Morgan Park’s Shami Goodman defends the other team’s best player.

“Shannise Heady was the toughest player I ever guarded in high school,” Goodman said of the 2012 Hillcrest graduate and Sun-Times All-Area selection currently at Seton Hall.

Goodman is also the Mustangs’ second-leading scorer.

“Attacking the basket has always been a strength of mine,” Goodman said. “If my shot is not falling, I go to the basket.”

And despite being 5-foot-8, the junior guard is Morgan Park’s second-leading rebounder.

“She has stepped up into that Kendyl Nunn role,” Morgan Park coach T.J. Johnson said. “She’s doing everything we need her to do this year.”
But there is one thing Johnson requires of Goodman above all else.

“He tells me to run the floor,” Goodman said. “He said, ‘The key for you is running the floor.’”

Whether it’s directing the offense from the point, attacking the basket baseline-to-baseline or keeping the other team’s best player under wraps, Goodman has heeded her coach’s command.

“She’s playing hard,” Johnson said. “She’s fearless going to the basket. She loves to attack. She loves to get you back on your heels. She’s also one of our top defenders.
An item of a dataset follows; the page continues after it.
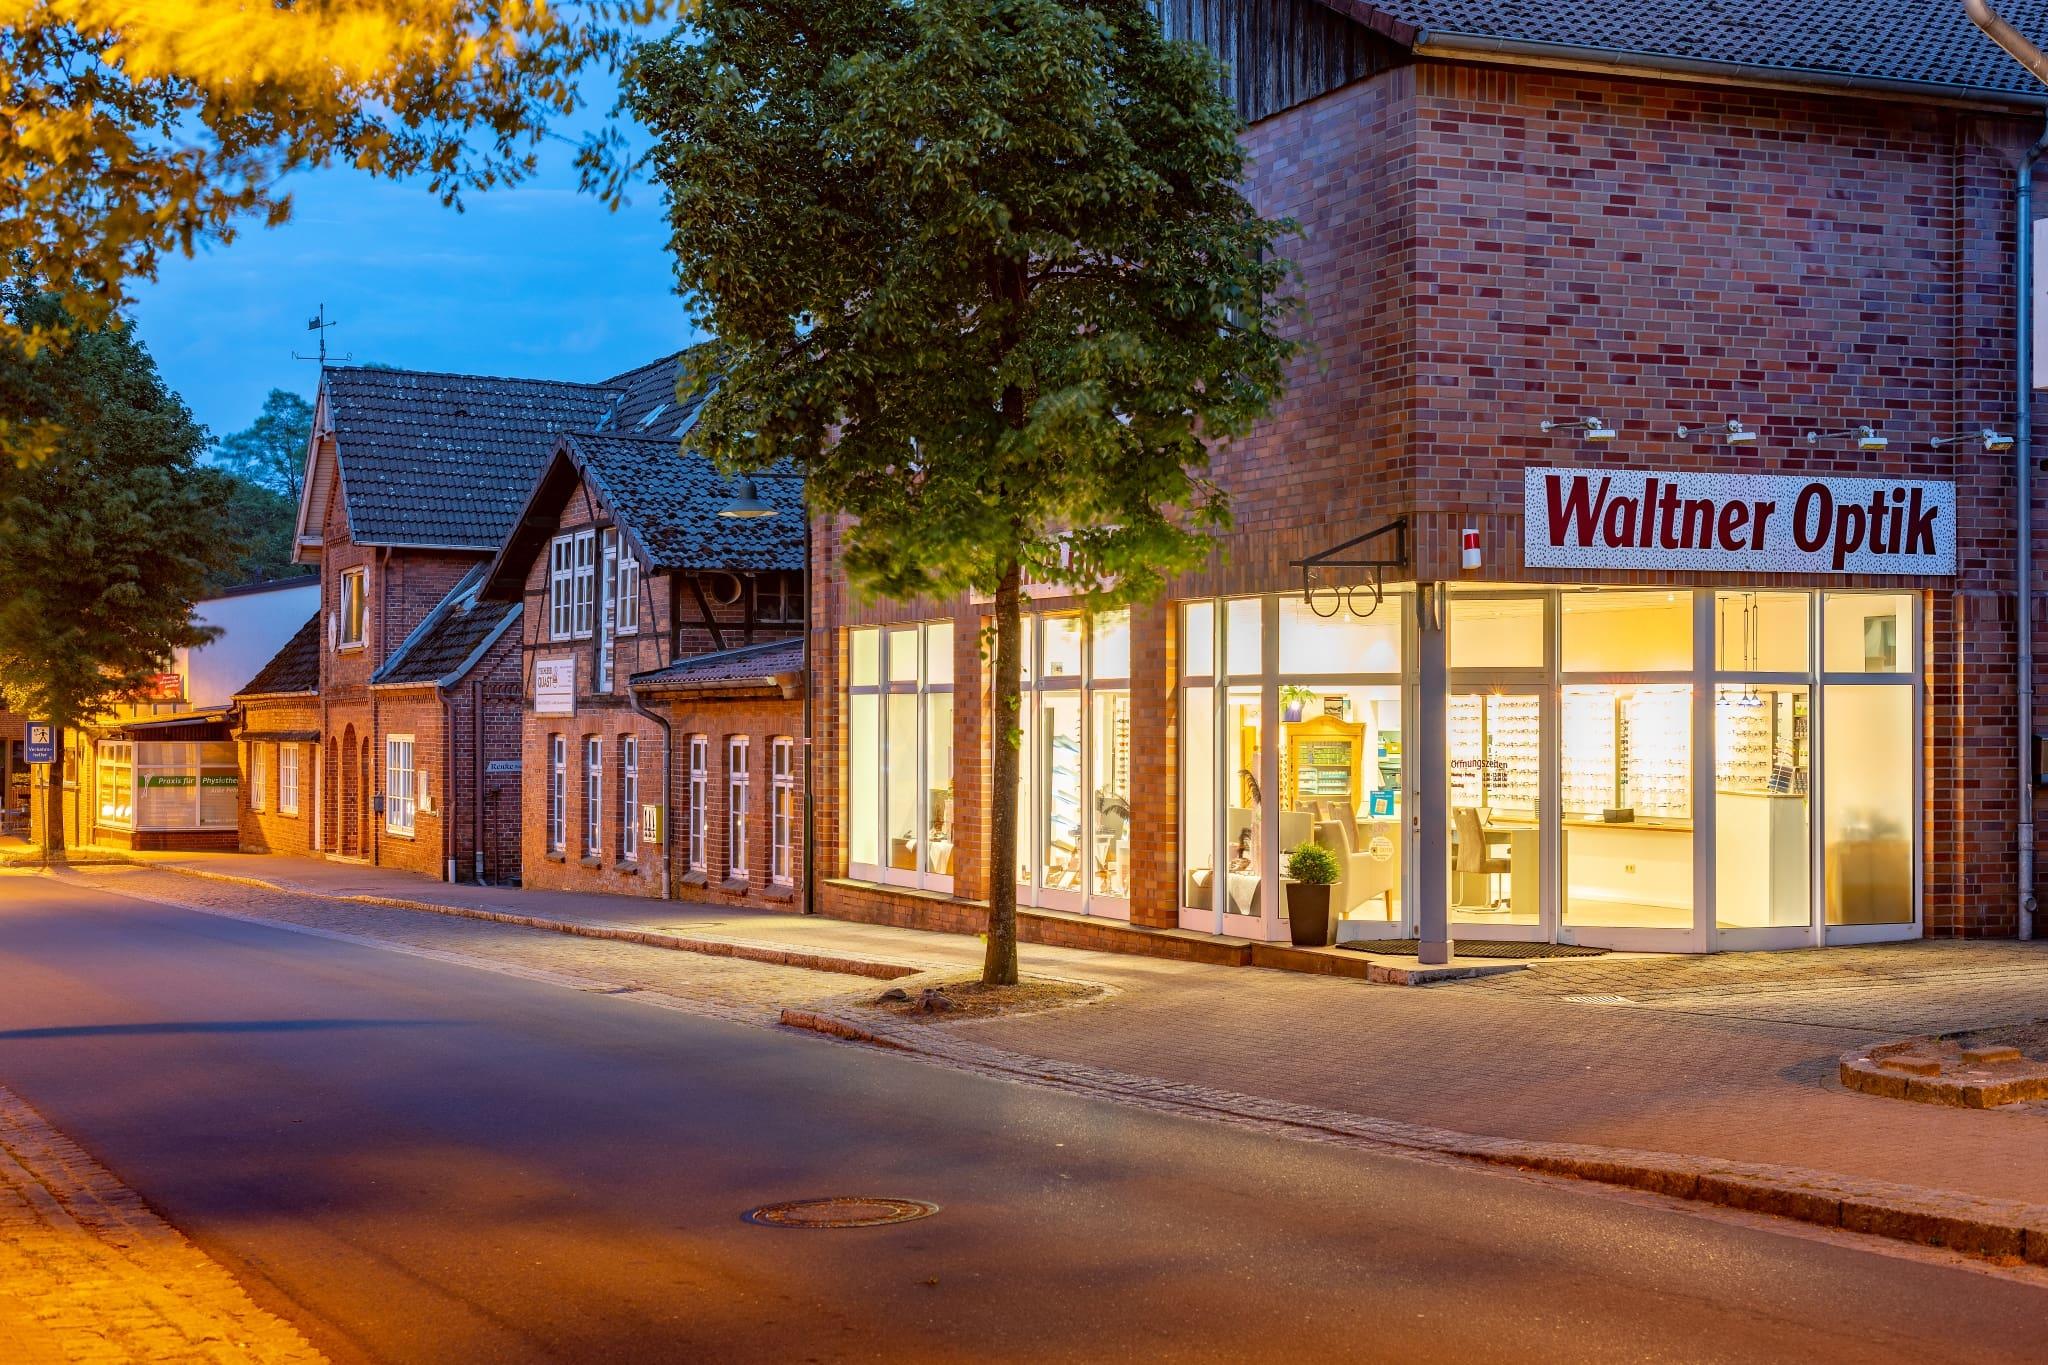 Außenansicht Waltner Optik, Harmshof 4 in 29646 Bispingen

She enjoys that challenge of guarding the other team’s best player.”

Goodman will lead the height-challenged Mustangs, winners of five of six games and unbeaten against teams from Illinois, into Saturday’s game against Bolingbrook at the City-Suburban Showdown hosted by Chicago State.
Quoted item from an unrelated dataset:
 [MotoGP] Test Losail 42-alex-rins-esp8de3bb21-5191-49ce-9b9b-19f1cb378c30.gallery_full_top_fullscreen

“Our big focus has been rebounding,” Goodman said. “That’s been a huge key for us since we’re small. Khalilah Morrow (a 5-foot-11 senior forward sidelined by a knee injury last year) played for the first time this season last week. She did real well.”

Morgan Park lost its two top inside players from a year ago to transfers — sophomores Marsha Howard (Crete-Monee) and Tammy Russell (LaLumiere, Ind.). The Mustangs have compensated in part with quickness.

Sunday in Zion, the Mustangs prevailed against a much taller Zion-Benton team 64-55 on the strength of 13 steals — four by Goodman. She also held the Zee-Bees’ top scorer — Samantha Rodriguez — under double figures.
”I like the challenge,” Goodman said. “When you play the other team’s leading scorer, you have to play up to their level.”

Goodman has risen to such challenges since she began playing basketball at the age of 5 at the urging of her father, Terry Goodman, and brother, Traboy Graham, who played at Kenwood.

“My brother and I still go one-on-one at the YMCA,” Goodman said. “He wins most of the time. He’s a lot taller than I am. But he tells me to keep pushing.”

Goodman may push herself all the way to a Big Ten roster spot. Schools like Michigan, Northwestern, Purdue, Wisconsin-Milwaukee and Seton Hall have expressed interest. Goodman even took in a football game at Michigan this fall.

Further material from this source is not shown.